Case 2 transition matrix animation.

And with an even chance of being in each state at the start, the total chance of being in the absorbing state at the end doesn’t get much above 60%:

state_probability_plot(s2, m2, 50)

Case 2 state probabilities.

But it’s clearly still increasing, and will asymptotically approach 100% in the long run.

Example 3

This time, I’ll have two absorbing states, but we’re guaranteed to start in one of the non-absorbing states.

m3 <- matrix(c(1,    0,    0,    0,
               0.14, 0.8,  0.05, 0.01,
               0.08, 0.5,  0.4,  0.02,
               0,    0,    0,    1),
             byrow=TRUE, nrow=4)
s3 <- c(0, 0.5, 0.5, 0)

Since the non-absorbing states are more likely to transition to an absorbing state in this example than in the previous example, things would be expected to converge quite a bit more quickly. (Especially to the first state, since both non-absorbing states are more likely to go to state 1 as opposed to state 4.)

g3 <- transition_matrix_animation(m3, 50)
anim_save("m3_anim.gif", g3, nframes=102)

Case 3 transition matrix animation.

For the absorbing states, the transition probabilities favor moving into state 1 over state 4, so naturally state 1 is the more likely state to be absorbed into.
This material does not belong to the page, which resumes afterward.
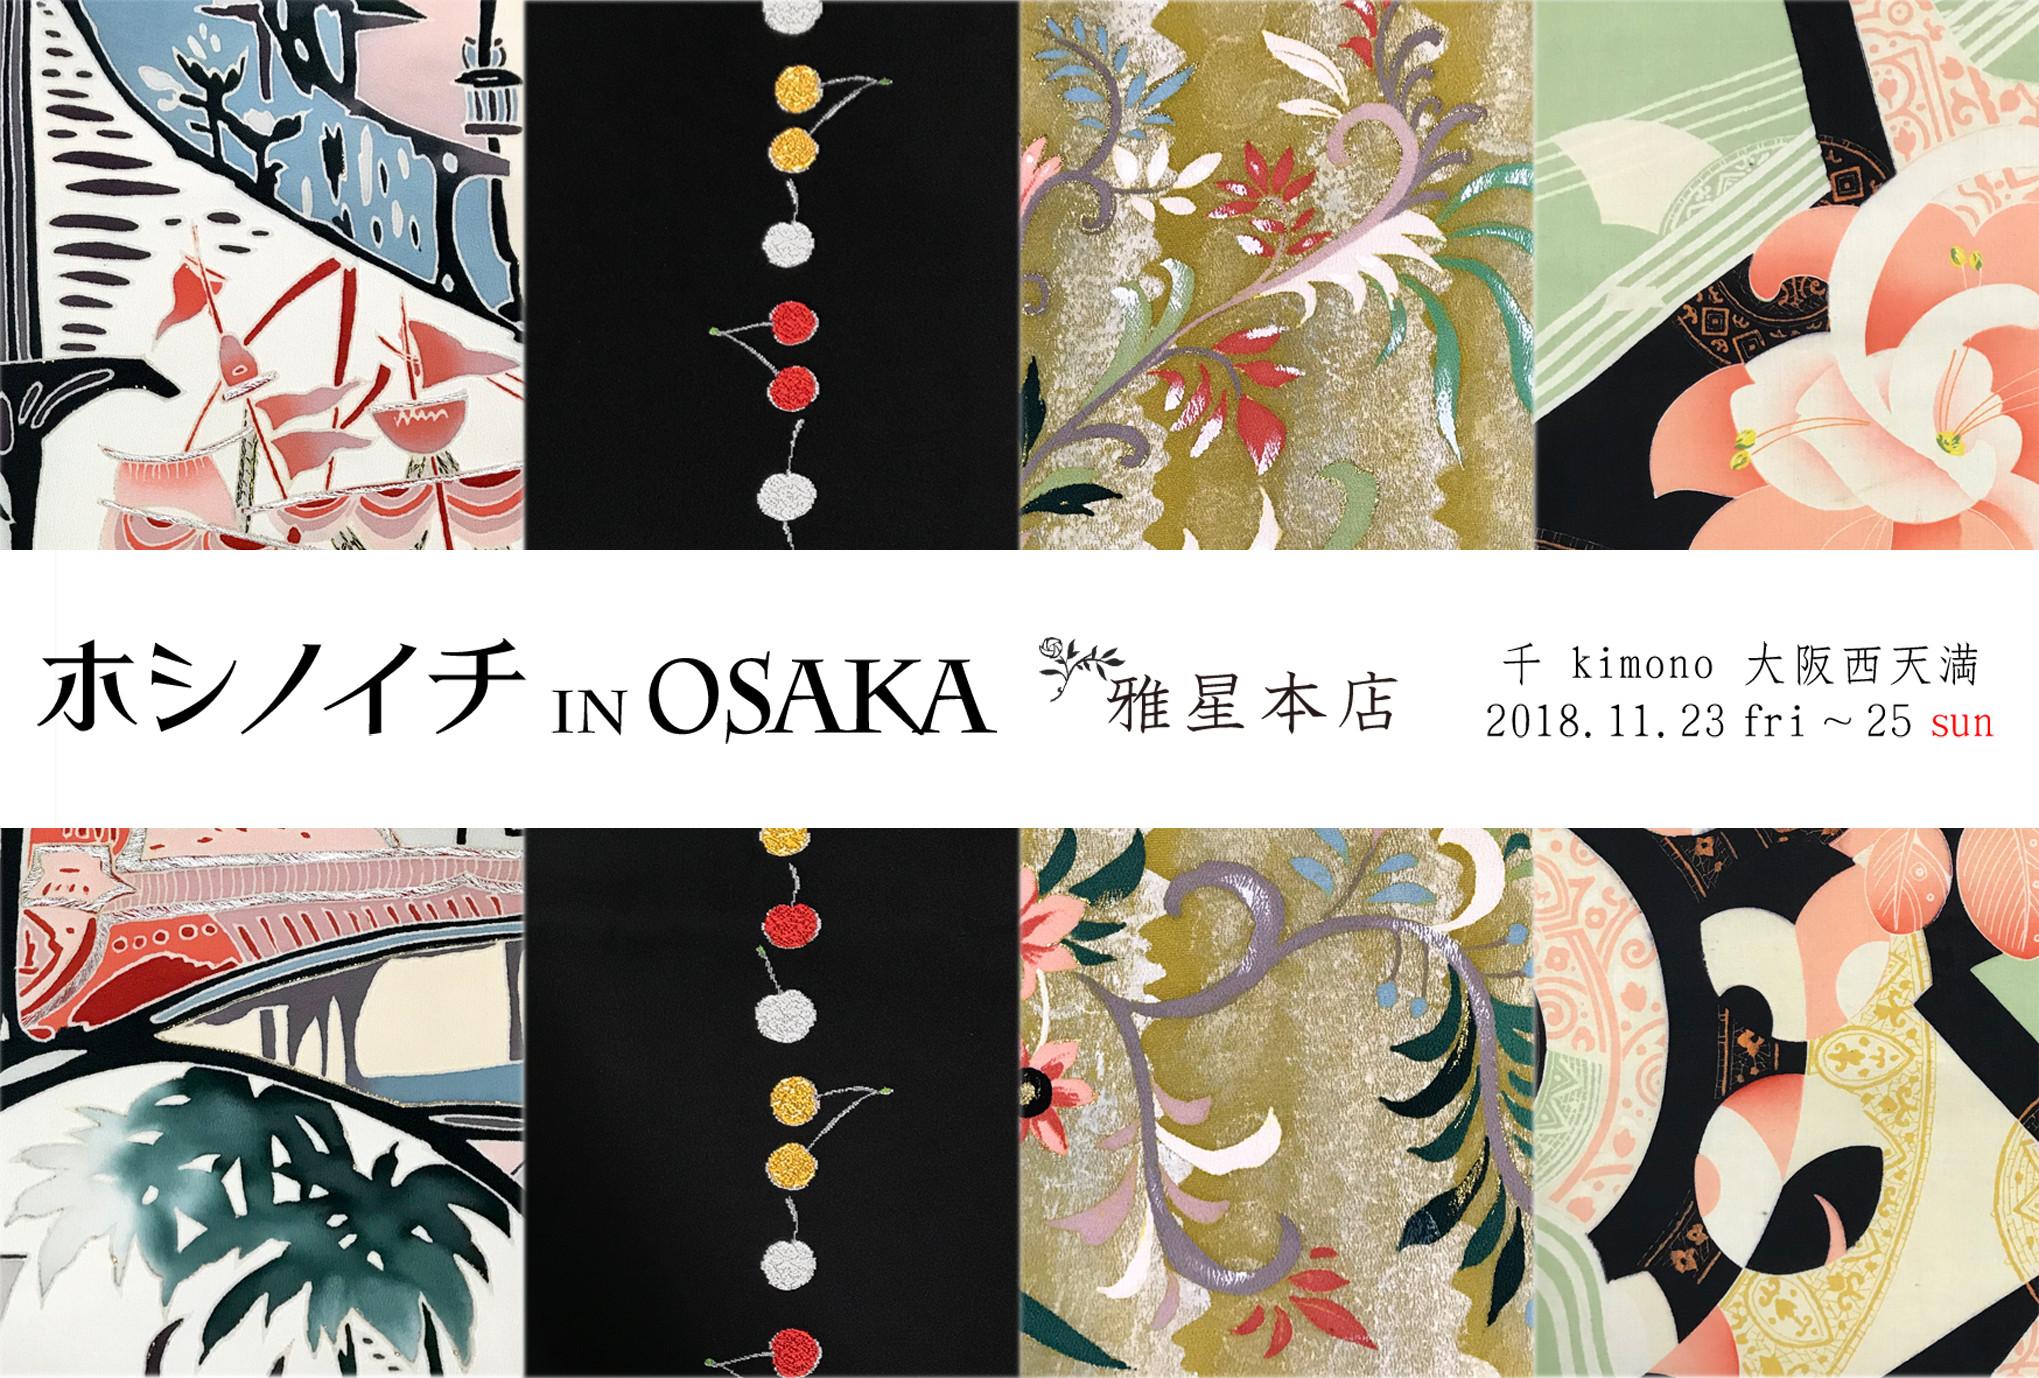 【next event】★ホシノイチ in OSAKA★

The probabilities of being in each state given the starting probabilities:

state_probability_plot(s3, m3, 50)

Case 3 state probabilities.

The final probabilities of the absorbing states are about 91.5% for state 1 and 8.4% for state (the nonabsorbing states account for about 0.04%, just enough for a rounding error in the absorbing states). Again, we have a temporary spike in probability of a specific state – since state 3 has a 50% chance of moving to state 2, but state 2 has an 80% chance to remain in state 2, it rises to a 65% chance after the first step before decaying.

There’s one other thing you can see in relationships between the states. Since we’re generally more likely to be in state 2 compared to state 3, the ratio of the final probabilities for state 1 to state 4 looks more like the ratio of their transition probabilities from state 2 than from state 3:

  • “State 2 to state 1” versus “state 2 to state 4”: 14
  • “State 3 to state 1” versus “state 3 to state 4”: 4
  • “Final state 1” versus “final state 4”: about 10.9

I would guess there’s a nice analytical way of proving that, but I don’t know one offhand.